Start of Block

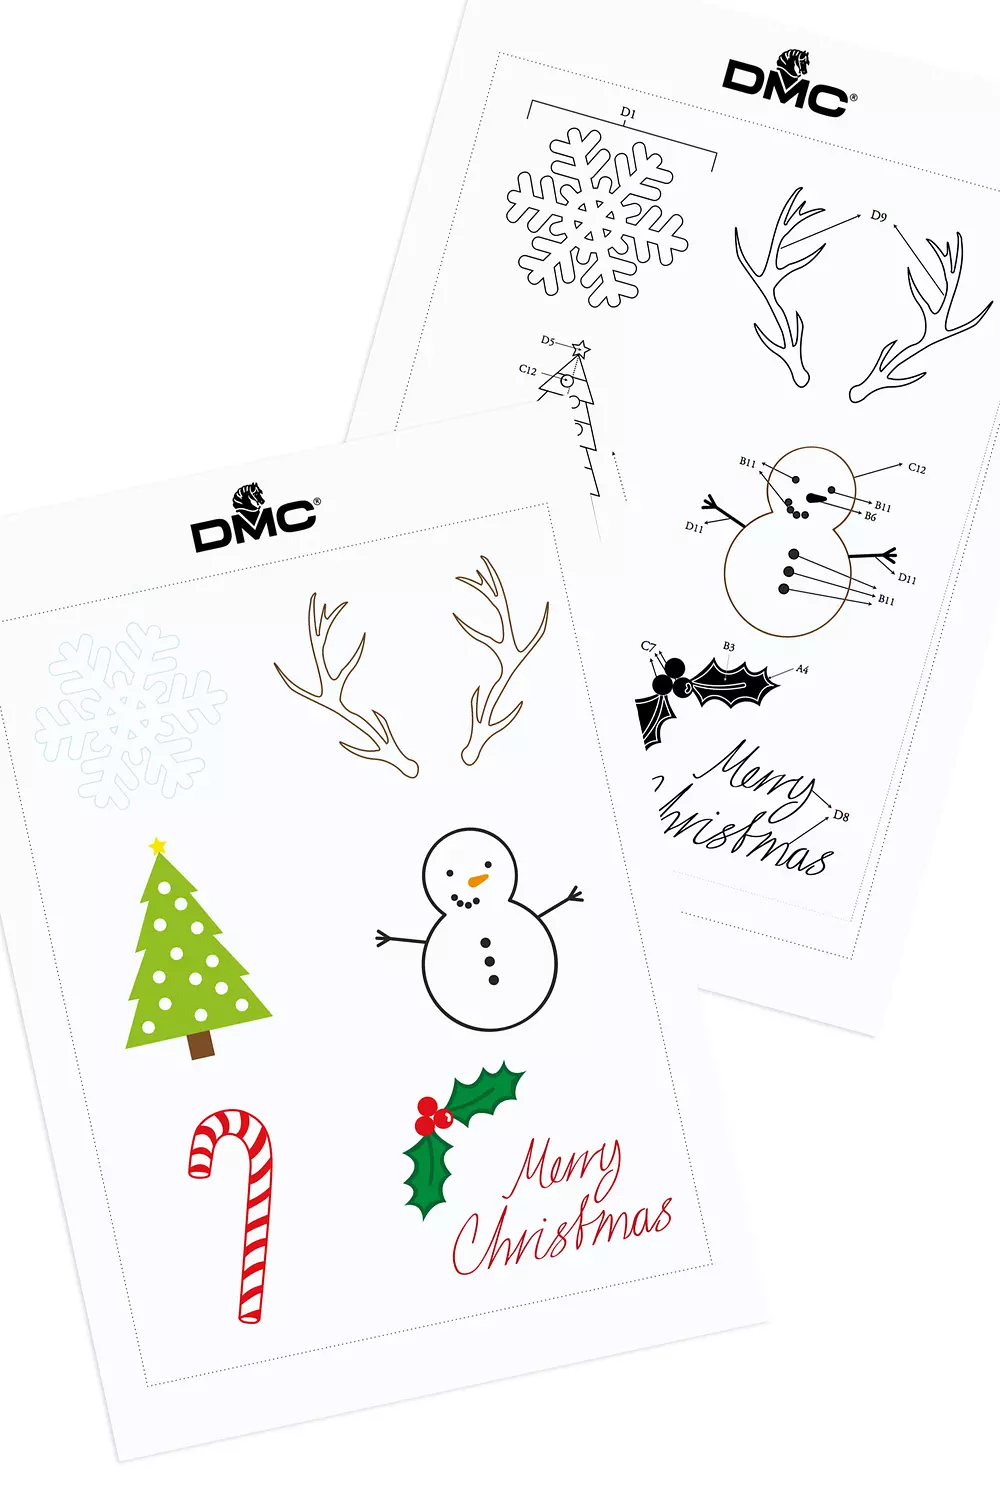 Stitchable Festive Gift Tags - DMC
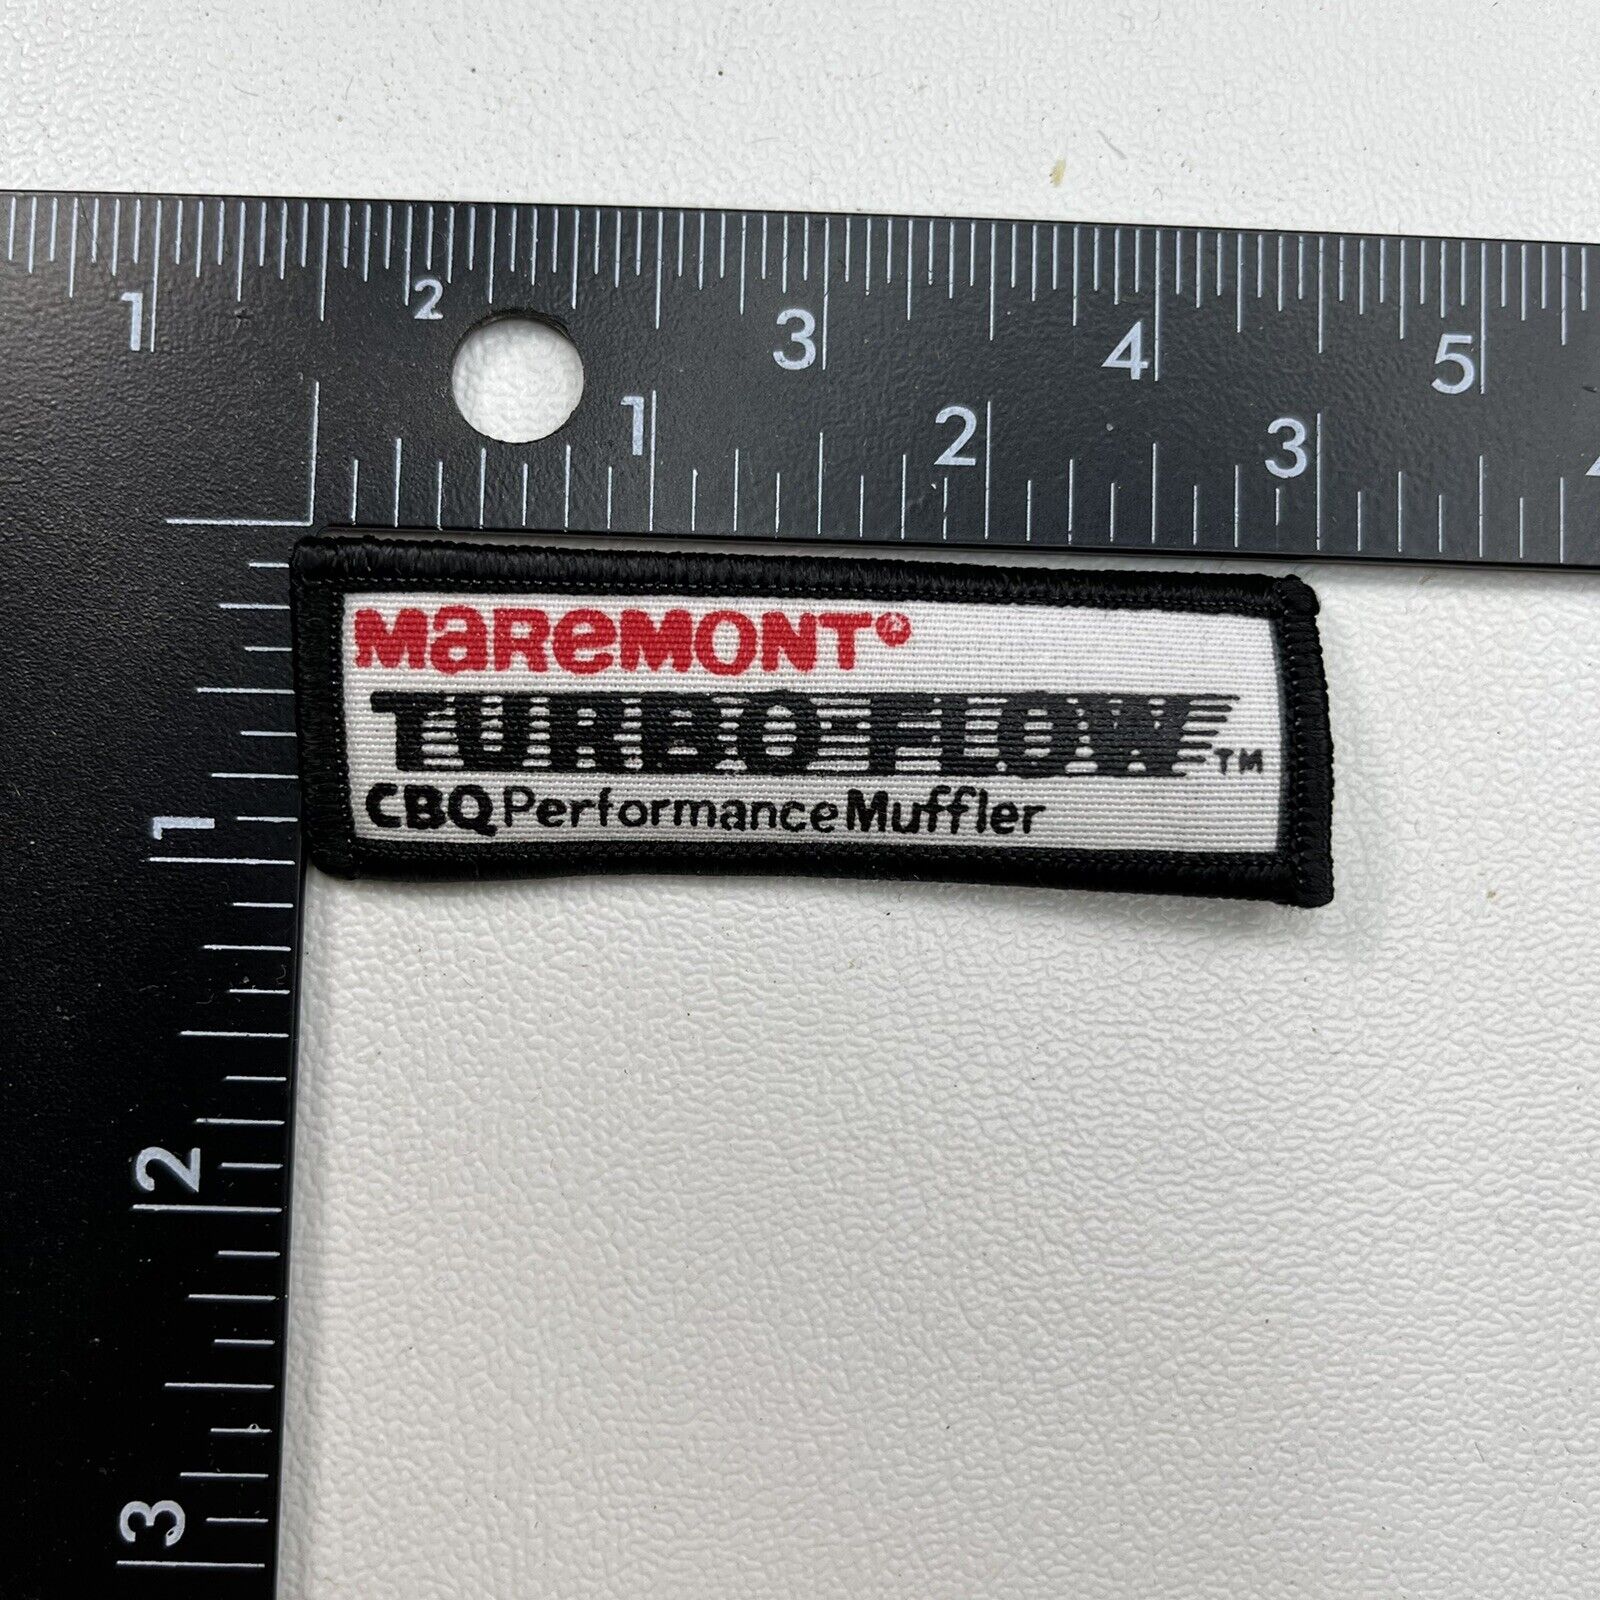 MAREMONT TURBO FLOW CBQ PERFORMANCE MUFFLER Patch C11F
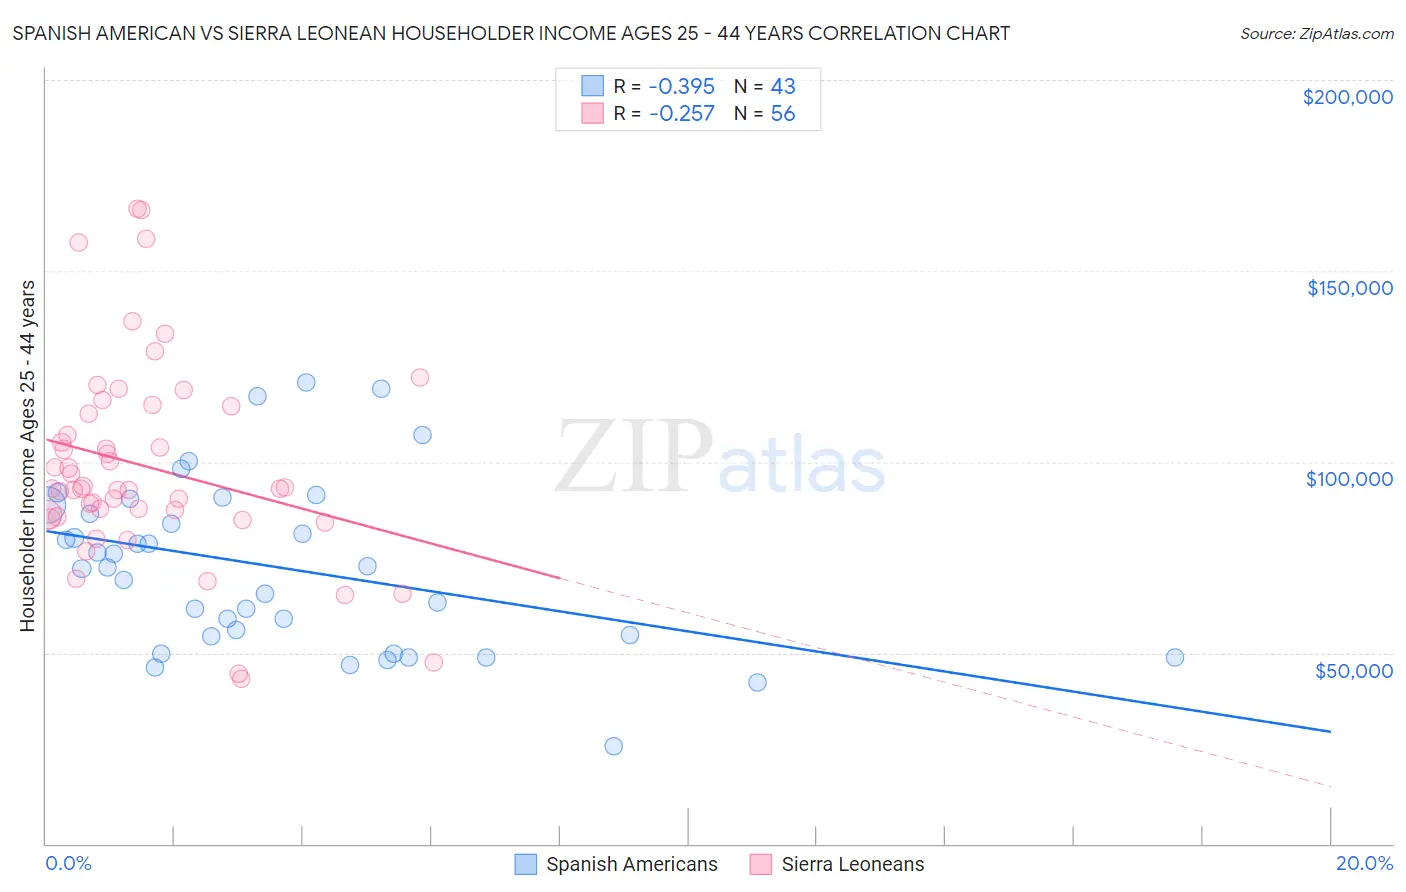 Spanish American vs Sierra Leonean Householder Income Ages 25 - 44 years

End of Block

Directions
Reproduce the whole listing exactly, but not the images in it.

Task answer
 Stitchable Festive Gift Tags - DMC
 MAREMONT TURBO FLOW CBQ PERFORMANCE MUFFLER Patch C11F
 Spanish American vs Sierra Leonean Householder Income Ages 25 - 44 years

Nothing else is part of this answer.